The star, named SMSS J031300.36-670839.3, is estimated to be 13.6 billion years old and is much older than previous stars found in 2007 and 2013, which were believed to be 13.2 billion years old.
The astronomers analyzed the light from the star to determine its chemical makeup, and extrapolated its age from there.
"The telltale sign that the star is so ancient is the complete absence of any detectable level of iron in the spectrum of light emerging from the star," explained Keller.
The star was first spotted on January 2 in the Milky Way, 6,000 light years away from the Earth using the ANU Skymapper telescope.
"The stars we are finding number one in a million," team member Professor Mike Bessel said in a press release. "Finding such needles in a haystack is possible thanks to the ANU SkyMapper telescope that is unique in its ability to find stars with low iron from their color."
The newly discovered star was formed in the wake of a primordial star and had a mass 60 times that of our Sun.
"To make a star like our Sun, you take the basic ingredients of hydrogen and helium from the Big Bang and add an enormous amount of iron – the equivalent of about 1,000 times the Earth's mass," Keller said.
Keller explained that primordial stars were previously thought to have died in violent explosions which polluted space with iron. But his discovery shows signs of pollution of lighter elements like carbon and magnesium with no traces of iron.

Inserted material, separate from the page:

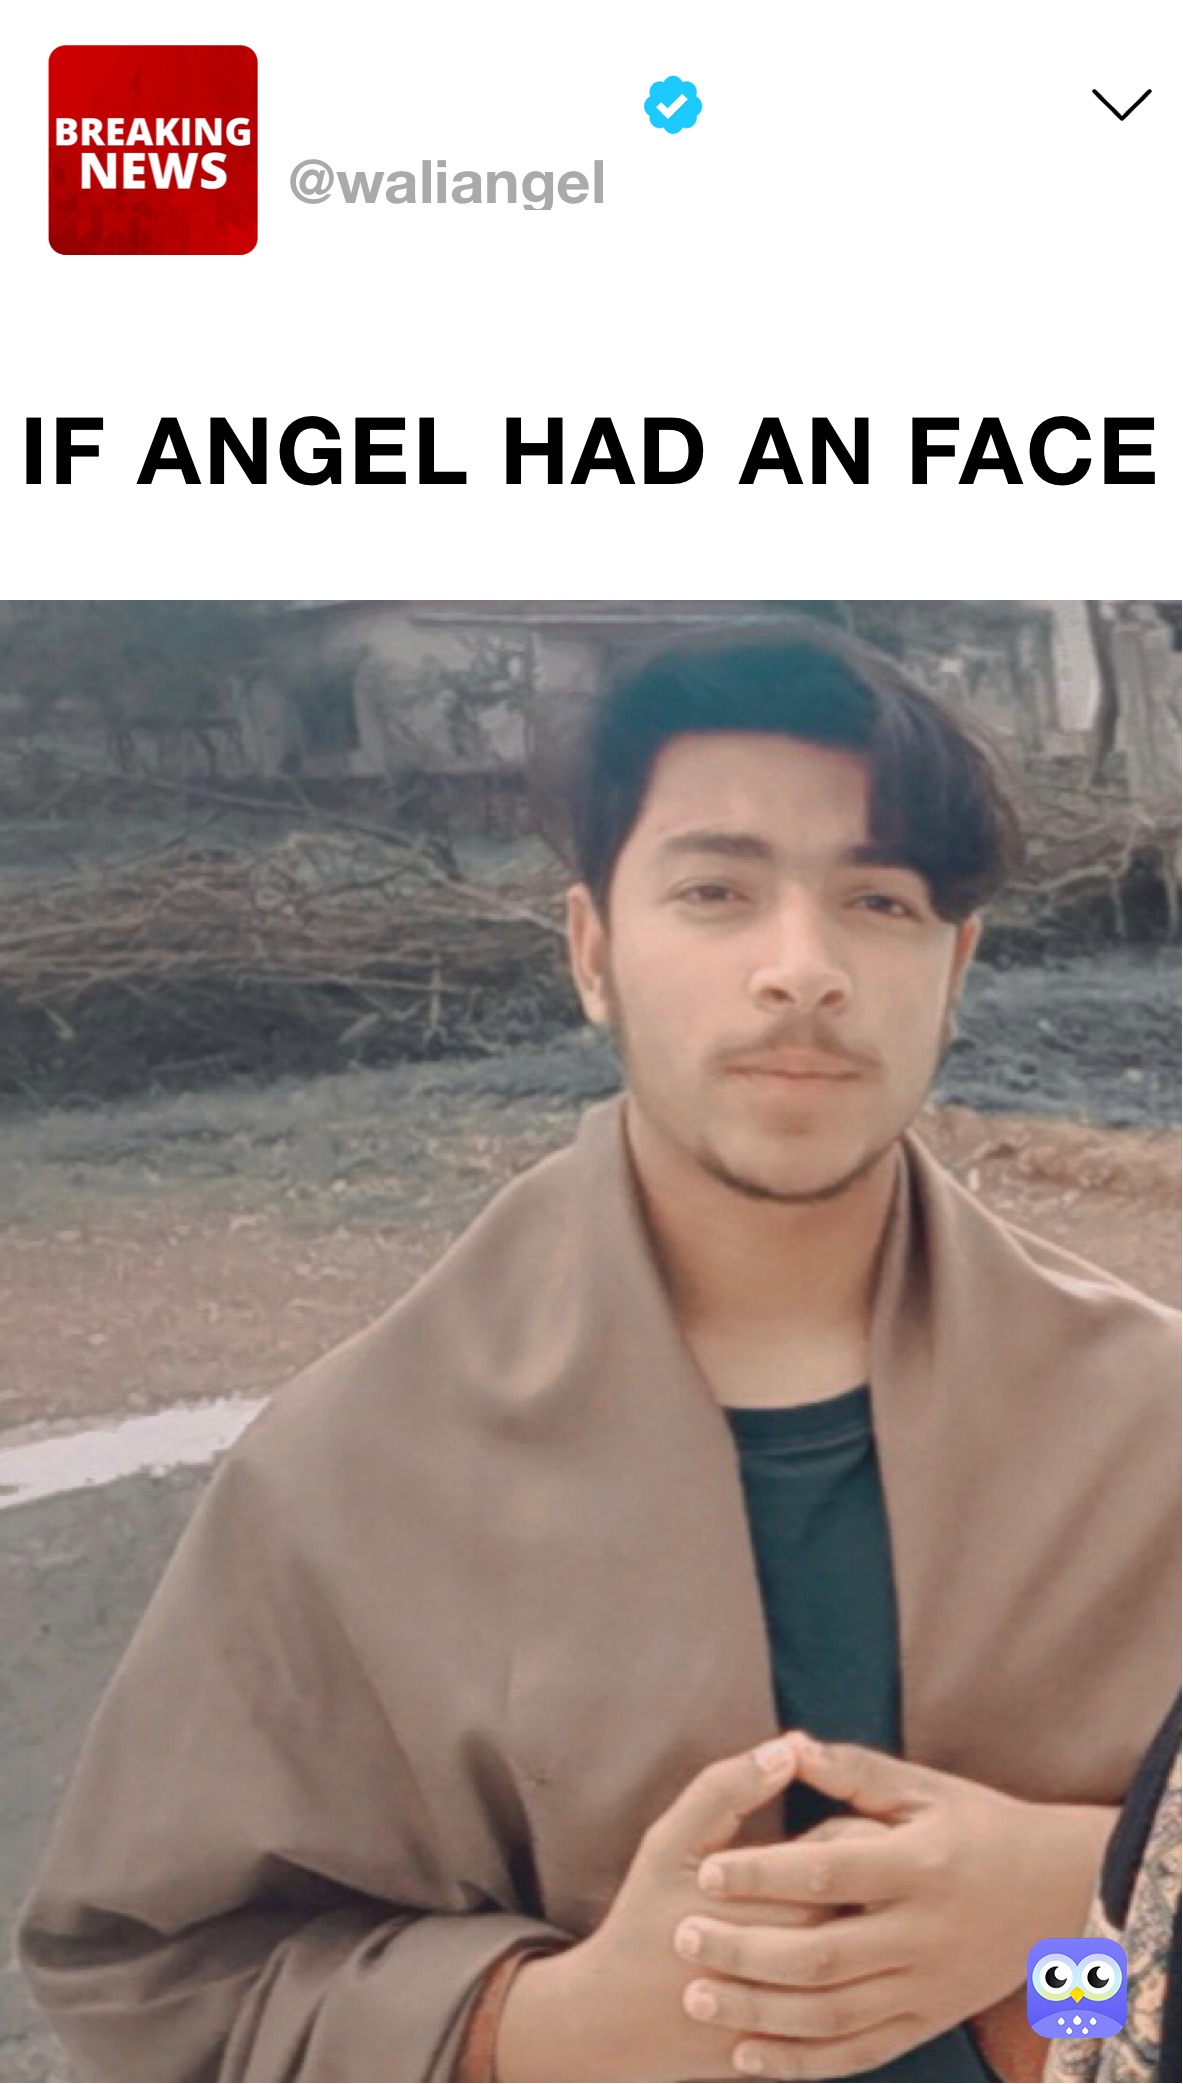 IF ANGEL HAD AN FACE
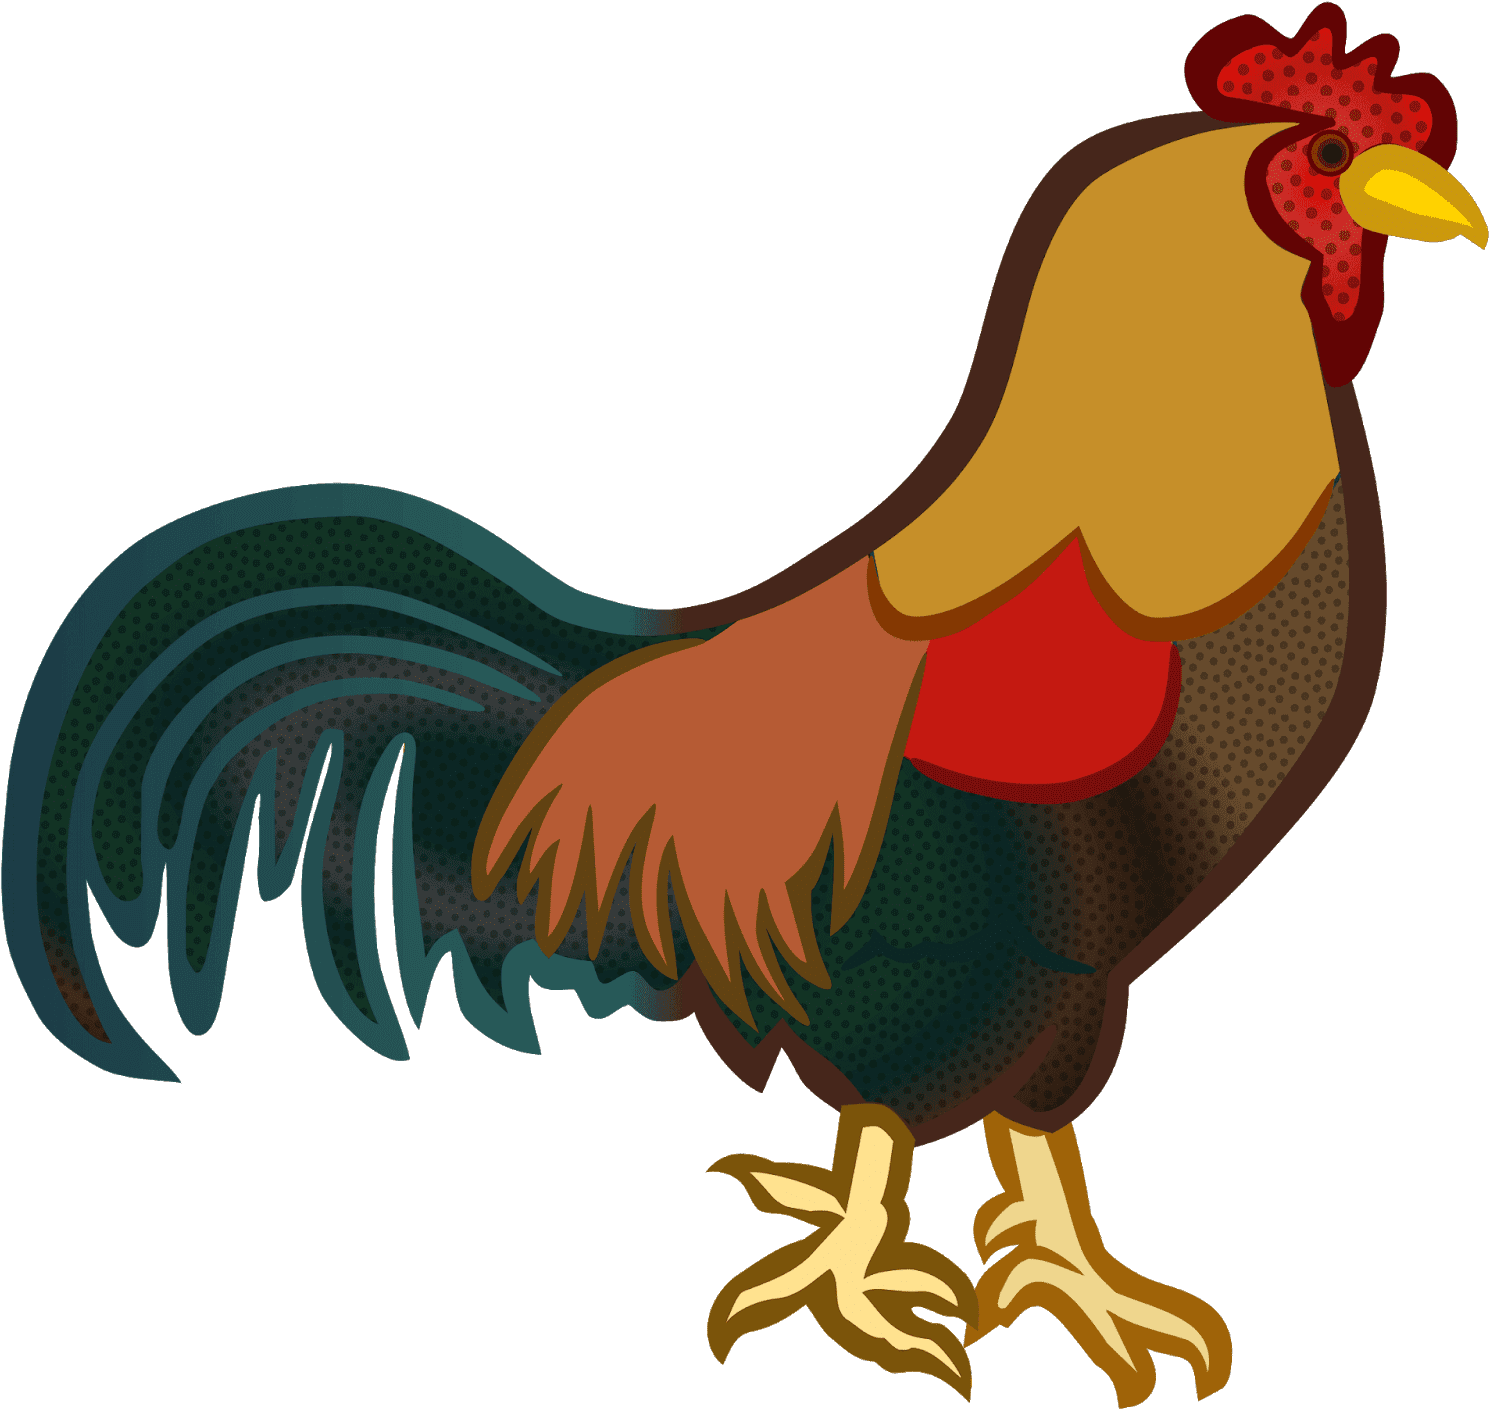 Colorful Rooster Illustration

"To make this ancient star, you need no more than an Australia-sized asteroid of iron and lots of carbon," Keller continued. "It's a very different recipe that tells us a lot about the nature of the first stars and how they died."
Keller and his team hope that their discovery will help resolve long-standing discrepancies between observations and predictions of the Big Bang.
"This is one of the first steps in understanding what those first stars were like," said Keller. "What this star has enabled us to do is record the fingerprint of those first stars."
The discovery was published in the latest edition of the journal Nature.